GCP with service key secret

helm install my-neo4j-backup . \
    --set neo4jaddr=my-neo4j.default.svc.cluster.local:6362 \
    --set bucket=gs://my-bucket \
    --set database="neo4j\,system" \
    --set cloudProvider=gcp \
    --set secretName=neo4j-gcp-credentials \
    --set jobSchedule="0 */12 * * *"

Azure

helm install my-neo4j-backup . \
    --set neo4jaddr=my-neo4j.default.svc.cluster.local:6362 \
    --set bucket=my-blob-container-name \
    --set database="neo4j\,system" \
    --set cloudProvider=azure \
    --set secretName=neo4j-azure-credentials \
    --set jobSchedule="0 */12 * * *"

Special notes for Azure Storage. The chart requires a "bucket" but for Azure storage, the naming is slightly different; the bucket specified is the "blob container name" where the files will be placed. Relative paths will be respected; if you set bucket to be container/path/to/directory, then you will find your backup files stored in container at the path /path/to/directory/db/db-latest.tar.gz where "db" is the name of the database being backed up (i.e. neo4j and system).

If all goes well, after a period of time when the Kubernetes Job is complete, you will simply see the backup files appear in the designated bucket, under directories named after the databases you backed up.

If your backup does not appear, consult the job’s pod container logs to find out why

If you want to get a hot backup before schedule, you can use this command:

kubectl create job --from=cronjob/my-neo4j-backup-job neo4j-hot-backup

Required parameters

neo4jaddr pointing to an address where your cluster is running, ideally the discovery address.
bucket where you want the backup copied to. It should be gs://bucketname or s3://bucketname.
databases a comma separated list of databases to back up. The default is neo4j,system. If your DBMS has many individual databases, you should change this.
cloudProvider Which cloud service do you want to keep backups on?(gcp or aws)
jobSchedule what intervals do you want to take backup?
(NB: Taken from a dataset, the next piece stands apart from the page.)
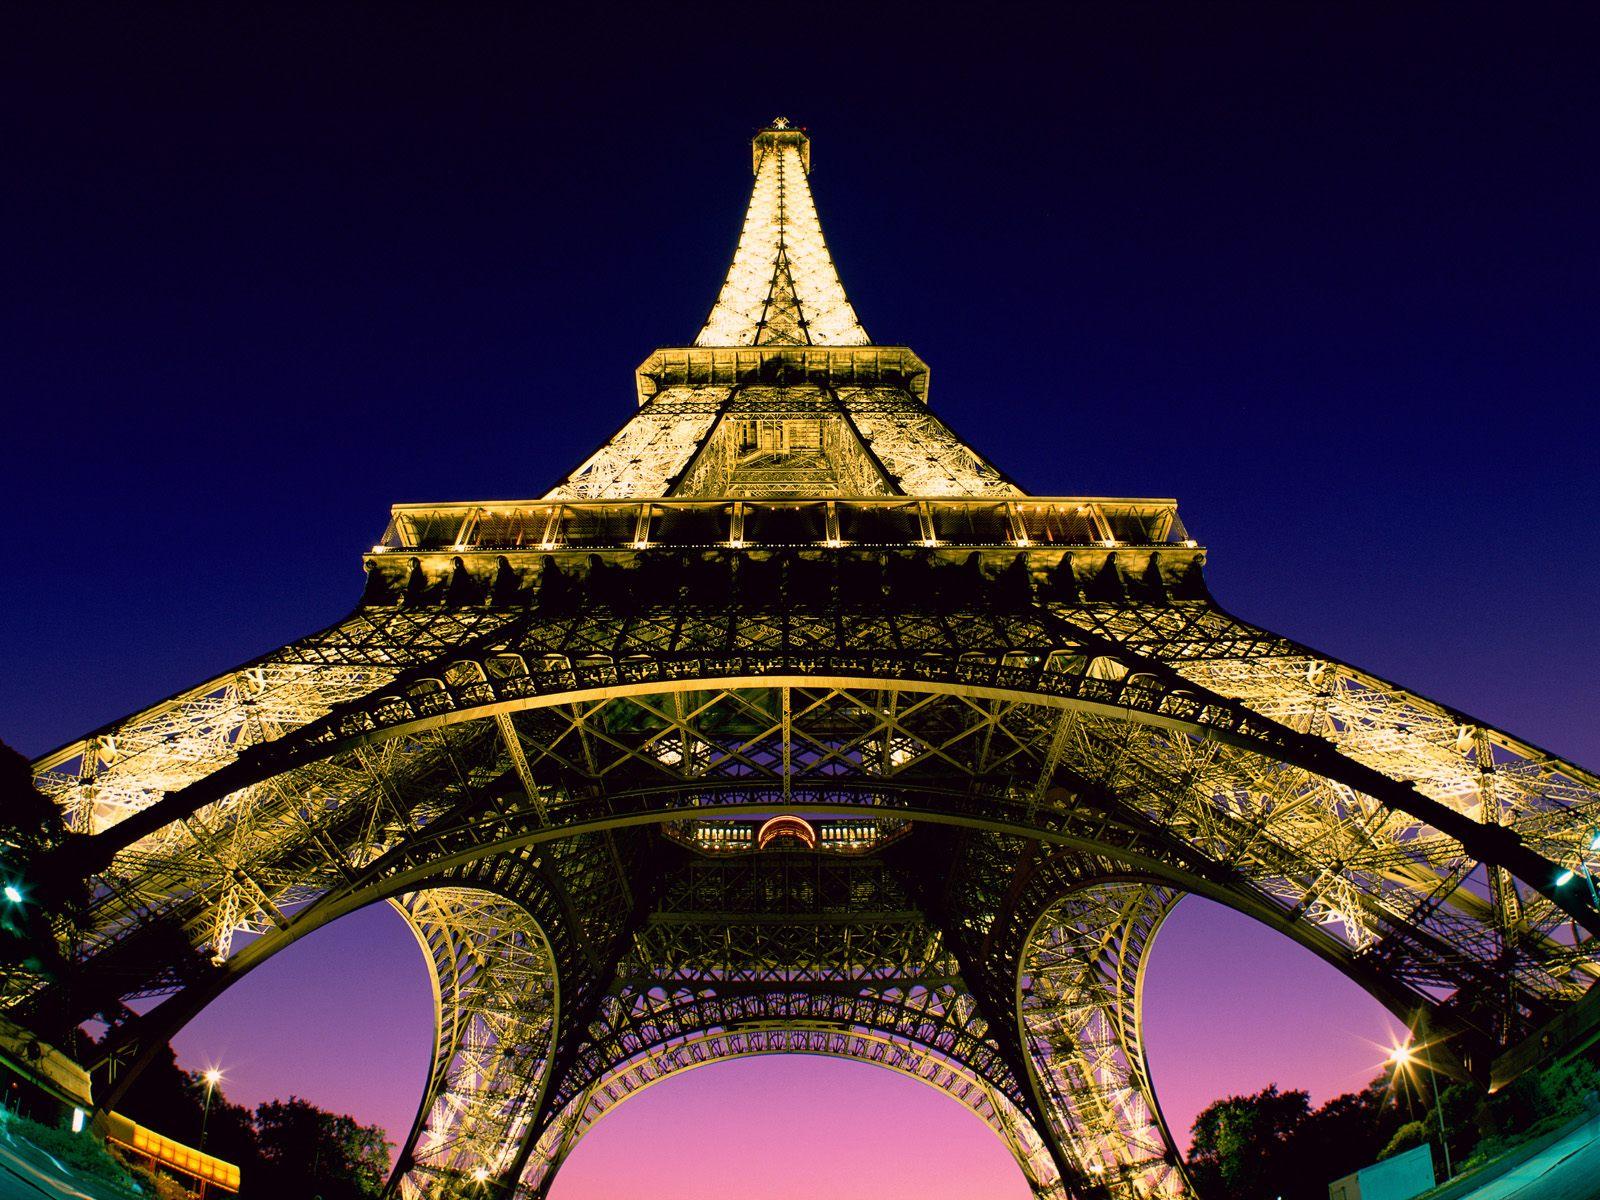 http://4.bp.blogspot.com/-5y2V9oi6lk8/UC42ahPU7qI/AAAAAAAAZuI/0TiR05rFaLA/s1600/Paris+-++Turnul+Eiffel+-+Franta.jpg
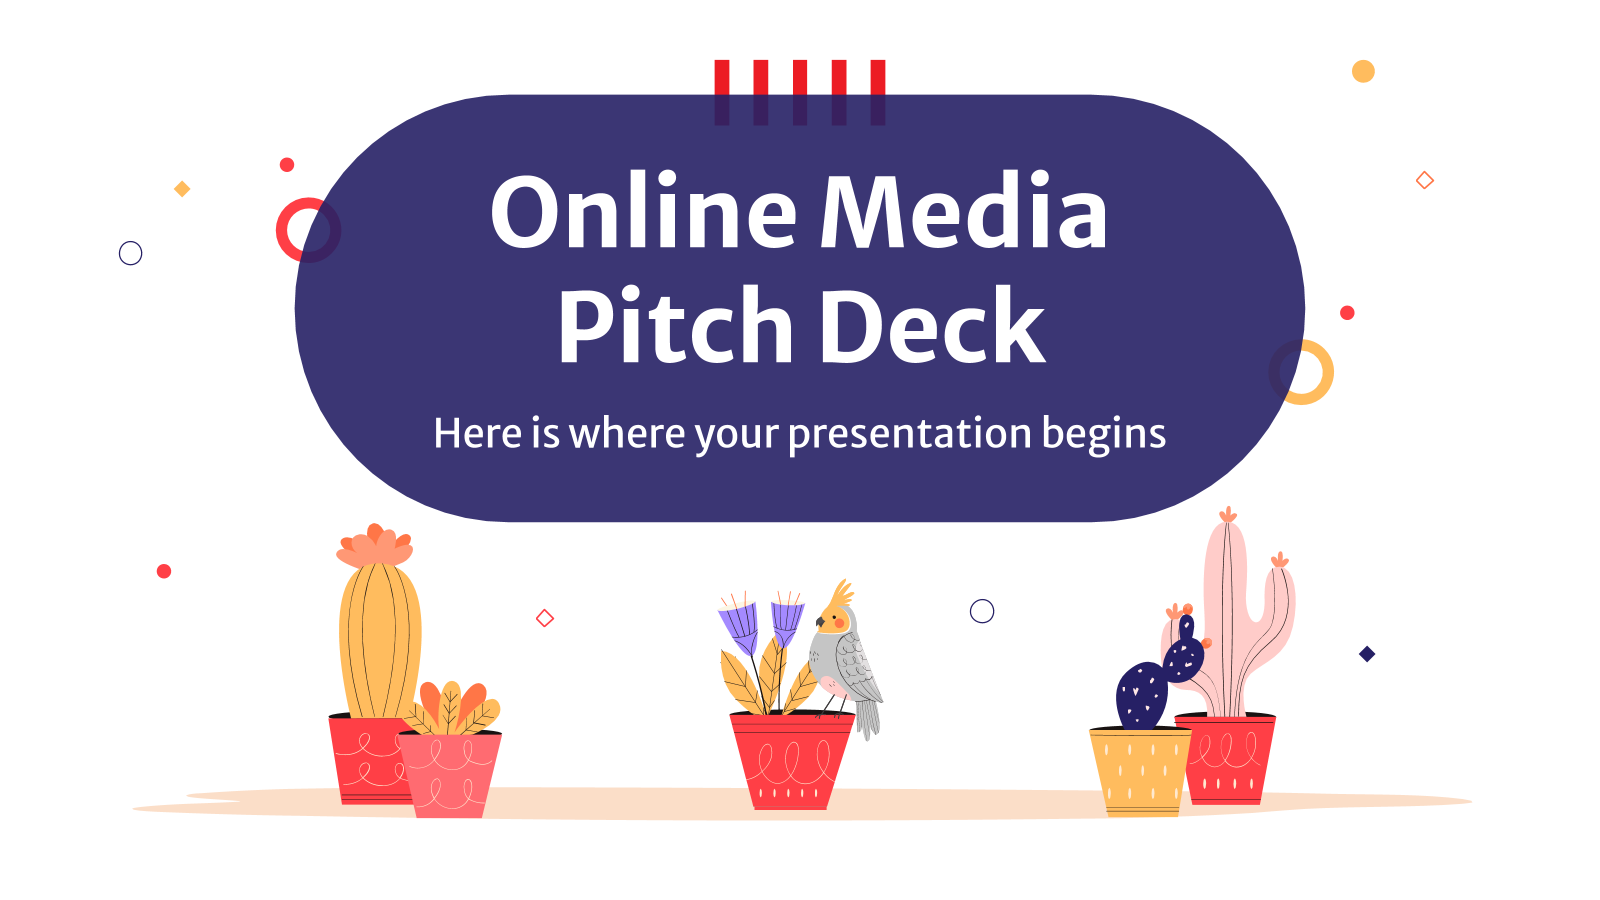 Online Media Pitch Deck presentation template

It should be cron like "0 /12 * * *". You can set your own schedule(https://crontab.guru/#0_/12_***)

At least one of secretName and serviceAccountName must be set. * secretName the name of the secret you created (set NULL if using Workload Identity on GKE) * serviceAccountName the name of the Kubernetes ServiceAccount to use for the backup Job (required if using Workload Identity on GKE)
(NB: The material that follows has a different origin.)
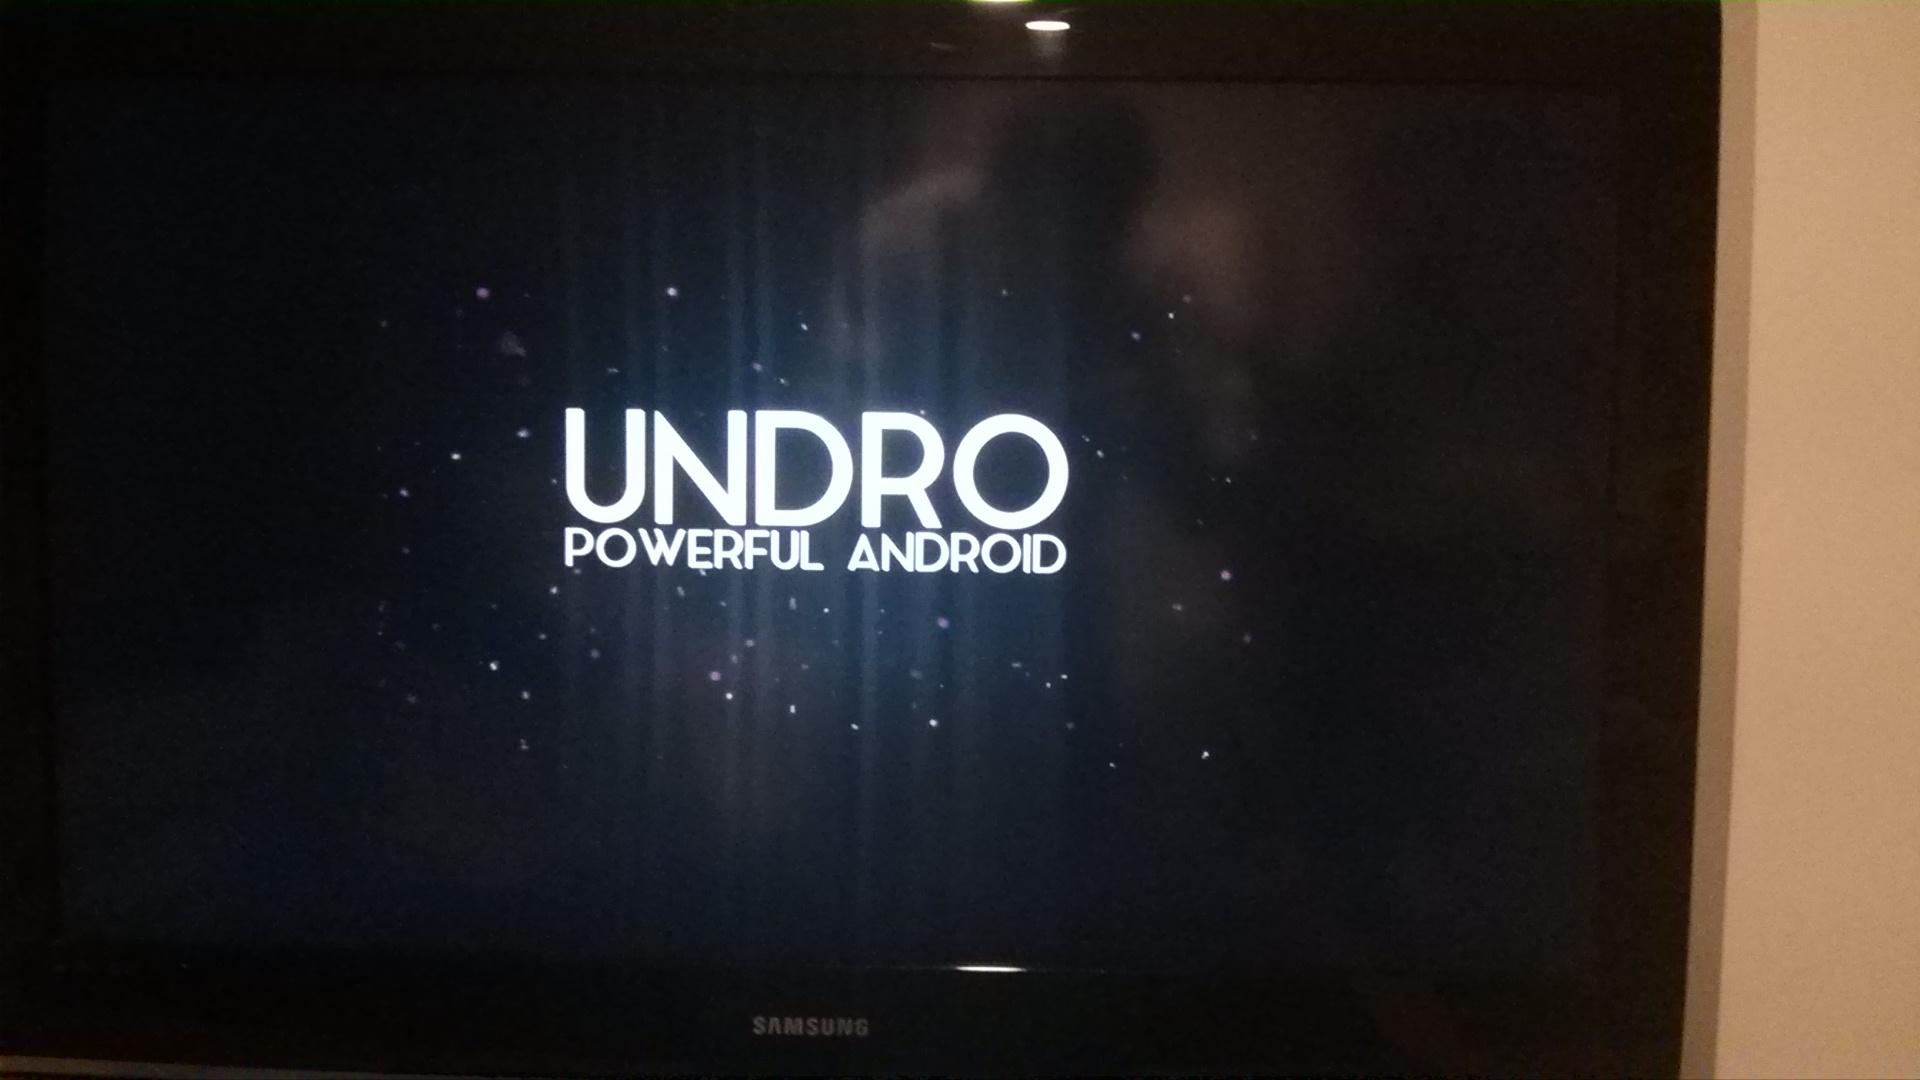 # Undro - Mi experiencia... OK!-https://farm8.staticflickr.com/7646/16780981522_0972af0752_o.jpg

Optional environment variables

All of the following variables mimic the command line options for neo4j-admin backup documented here

pageCache
heapSize
fallbackToFull (true/false), default=true
checkConsistency (true/false), default=true
checkIndexes (true/false) default=true
checkGraph (true/false), default=true
checkLabelScanStore (true/false), default=true
checkPropertyOwners (true/false), default=false

Exit Conditions

If the backup of any of the individual databases mentioned in the database parameters fails, the entire container will exit with a non-zero exit code and fail.

Note: it is possible for Neo4j backups to succeed, but with failed consistency checks. This will be noted in the logs, but will operationally behave as a successful backup.